What is the mechanical equivalent of spring constant $ k $ in LC oscillating circuits?
(A) $ 1/L $
(B) $ 1/C $
(C) $ L/C $
(D) $ 1/LC $

Answer 1

Hint
We know that in LC oscillation circuits, the energy in one of the two ( inductor or capacitor) gets transferred to the other and the process repeats like oscillation. Also, from kirchhoff’s law, we know that the sum of voltages around a closed path is always zero.
 $ \Rightarrow V = q/C $
where, $ V $ is the voltage across the capacitor, $ q $ is the charge held by the capacitor, $ C $ is the capacitance of the capacitor.
 $ \Rightarrow V = L\left( {di/dt} \right) $
Where, $ V $ is the back voltage of the inductor, $ L $ is the inductance of the inductor, $ i $ is the current flowing through the inductor.
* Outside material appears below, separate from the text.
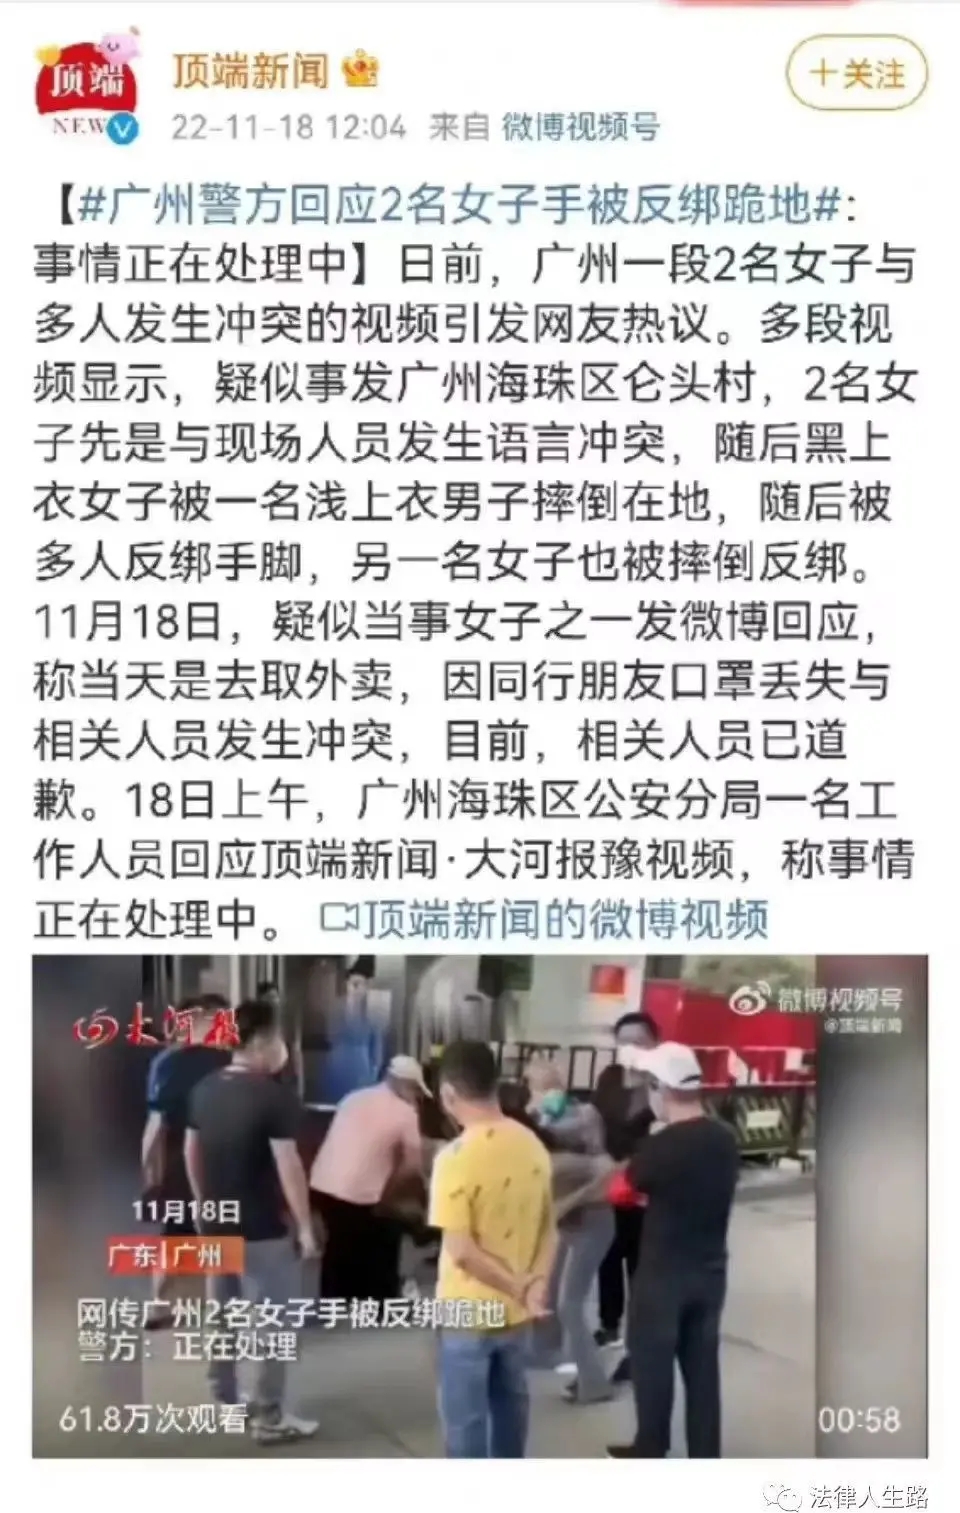 关于广州被绑架事件:不应使用犯罪手段处理违法行为

Complete step by step answer

Now,
Let us assume $ q $ is the total charge in the capacitor. That means this charge is only constituting the energy of the capacitor and this is the only charge which would oscillate.
Then, Voltage across the capacitor, $ {V_c} = q/C $
And, Voltage across the inductor, $ {V_L} = L\left( {di/dt} \right) $
Now, According to Kirchhoff’s law,
 $ \Rightarrow {V_c} + {\text{ }}{V_L} = 0 \cdot \cdot \cdot \cdot (1) $
Substituting the values of $ {V_c} $ and $ {V_L} $ in equation (1), we get
 $ \Rightarrow q/C{\text{ }} + {\text{ }}L\left( {di/dt} \right) = 0 $
Again, We know, $ i = dq/dt{\text{ }} \Rightarrow di/dt = {d^2}q/d{t^2} $
Thus,
 $ \Rightarrow q/C{\text{ }} + {\text{ }}L\left( {{d^2}q/d{t^2}} \right) = 0 \cdot \cdot \cdot \cdot (2) $
Now, In case of Simple Harmonic Motion,
The equation was,
 $ \Rightarrow kx{\text{ }} + {\text{ }}m\left( {{d^2}x/d{t^2}} \right) = 0 \cdot \cdot \cdot \cdot (3) $
Where, $ k $ is the spring constant, $ x $ is the displacement, $ m $ is the mass of the body.
Comparing equation (2) and (3), we get
 $ \Rightarrow k = 1/C $
Hence, the correct option is (B).

Note
The analogy between Simple Harmonic Motion and LC oscillation is very apparent. In the first case, the mass oscillates through the x parameter and in the latter, the charge oscillates through L. Again, for the first case, the k is the constant term and for the latter, C is the constant term.